From the Guidelines
Corticosteroids should be used in asthma exacerbations even when viral infections are present, as they reduce the risk of recurrence and improve symptoms. The National Asthma Education and Prevention Program Expert Panel recommends that all patients presenting with an asthma exacerbation should receive systemic corticosteroids as part of their primary treatment, regardless of the presence of a viral infection 1. This is because viral triggers often precipitate asthma exacerbations by increasing airway inflammation and hyperresponsiveness, and corticosteroids work by suppressing this inflammatory cascade, reducing mucus production, and decreasing airway edema.
Some key points to consider when using corticosteroids in asthma exacerbations with concomitant viral infections include:
- The dose and frequency of administration of corticosteroids should be dependent on the severity of the exacerbation, with patients typically receiving 3 to 10 days of corticosteroid therapy to reduce the risk of recurrence 1
- Inhaled corticosteroids should be continued or initiated during the exacerbation to help control airway inflammation
- Patients should continue their regular asthma medications and stay hydrated while using corticosteroids
- Short courses of steroids rarely cause significant side effects or serious immunosuppression that would worsen viral infections, and withholding steroids during virus-triggered exacerbations may lead to prolonged symptoms and increased risk of hospitalization
It is essential to note that the benefits of steroids in controlling airway inflammation outweigh potential risks during viral infections, and corticosteroid therapy should be prescribed for 3 to 10 days to reduce the risk of recurrence, as recommended by the NAEPP Expert Panel 1. By following these guidelines, clinicians can effectively manage asthma exacerbations with concomitant viral infections and improve patient outcomes.
From the FDA Drug Label
Corticosteroids, including prednisone tablets, suppress the immune system and increase the risk of infection with any pathogen, including viral, bacterial, fungal, protozoan, or helminthic pathogens Corticosteroids can: • Reduce resistance to new infections • Exacerbate existing infections • Increase the risk of disseminated infections • Increase the risk of reactivation or exacerbation of latent infections • Mask some signs of infection Varicella and measles can have a serious or even fatal course in non-immune patients taking corticosteroids, including prednisone tablets
The role of corticosteroid (steroid) therapy in managing asthma exacerbations with concomitant viral infections is to be used with caution, as corticosteroids can:
- Increase the risk of infection
- Exacerbate existing infections
- Mask some signs of infection It is essential to monitor for the development of infection and consider prednisone tablets withdrawal or dosage reduction as needed 2.
From the Research
Role of Corticosteroid Therapy in Managing Asthma Exacerbations with Concomitant Viral Infections
- Corticosteroid therapy is effective in managing asthma exacerbations, including those with concomitant viral infections 3, 4, 5.
- Systemic corticosteroids are recommended for upper respiratory tract infection-induced asthma exacerbation, but may inhibit cellular immunity against respiratory virus infection 4.
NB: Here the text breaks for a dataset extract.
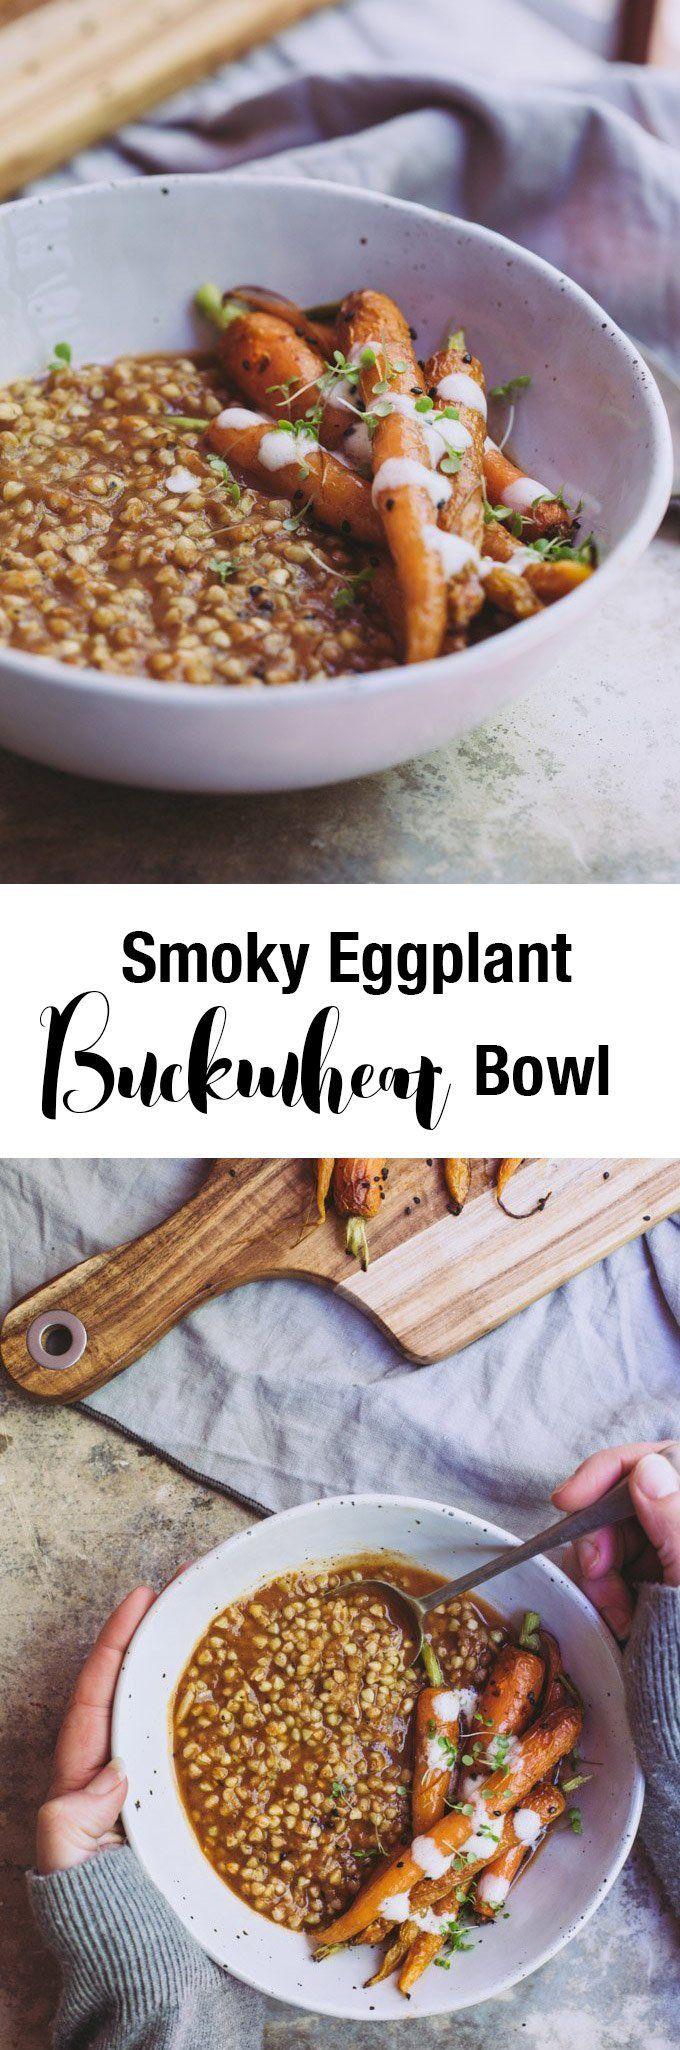 ... Eggplant on Pinterest | Eggplants, Roasted Eggplant Dip and Eggplant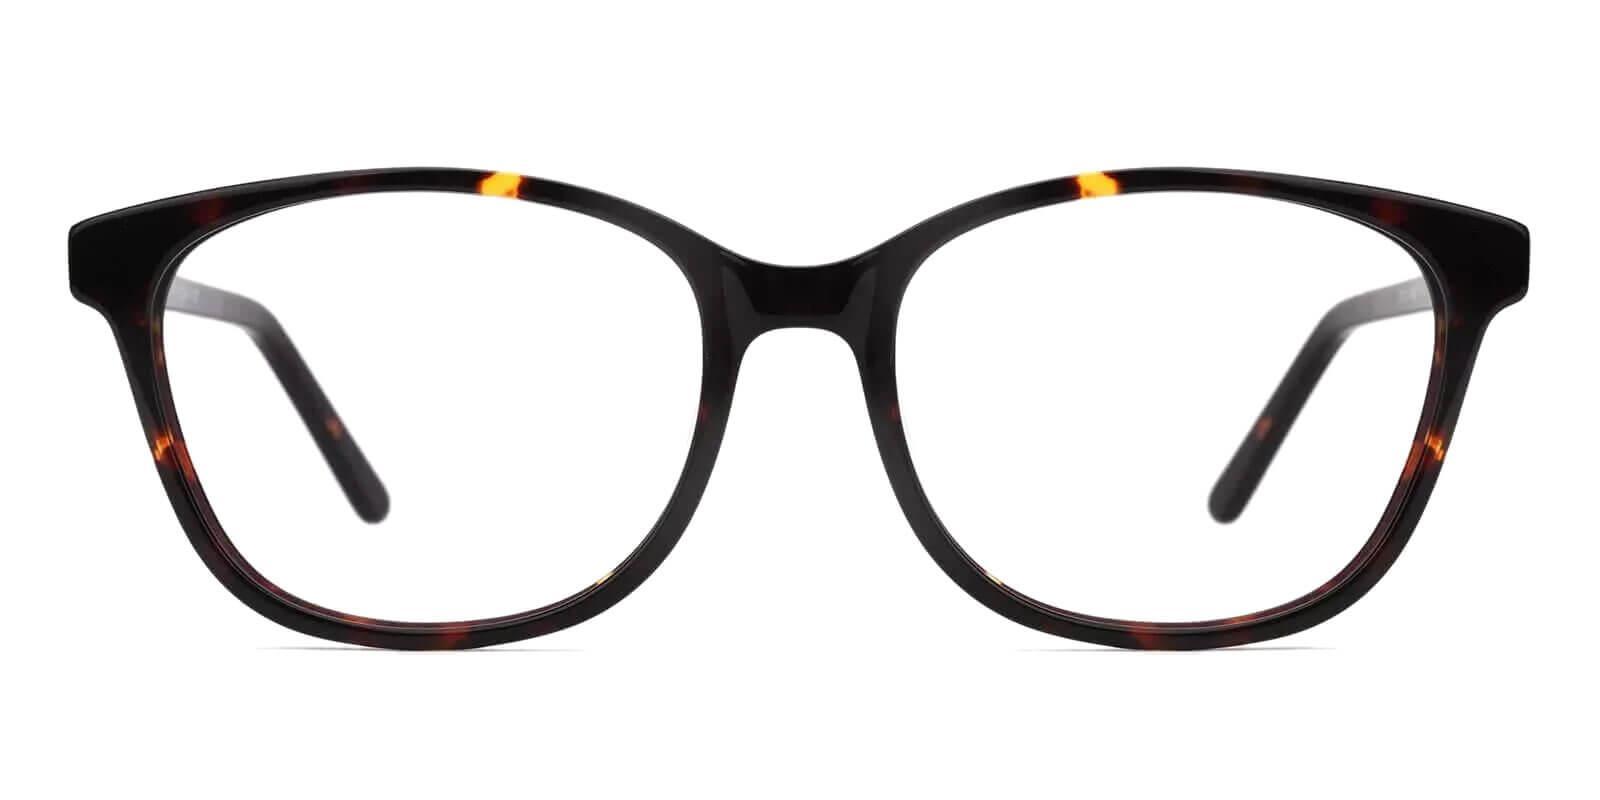 Bolivia Tortoise Acetate Eyeglasses , SpringHinges , UniversalBridgeFit Frames from ABBE Glasses

- The combination of a leukotriene receptor antagonist and systemic corticosteroid may be more useful than corticosteroid alone for treating viral infection-induced acute exacerbation of asthma and reducing the cumulative corticosteroid dose 4.
- Inhaled corticosteroids decrease the risk of asthma exacerbations and can be used as-needed to empower patients to adjust their intake in response to symptom fluctuation 6, 7.
Benefits and Risks of Corticosteroid Therapy
- Short courses of systemic corticosteroids are associated with increased risk of adverse events, including loss of bone density, hypertension, and gastrointestinal ulcers/bleeds, as well as serious impacts on mental health 3.
- The benefits of corticosteroid therapy must be balanced against the risks, and strategies to improve asthma control, such as as-needed combination therapies and biologics, are recommended 3, 6, 5.
Viral Infections and Asthma Exacerbations
- Viral infections are a common trigger of asthma exacerbations, with respiratory syncytial virus, rhinoviruses, influenza, and parainfluenza virus being the most common viral pathogens associated with asthma 5.
- Asthmatics are more prone to severe viral infections due to their unique inflammatory response, which is mostly characterized by T2 cytokines 5.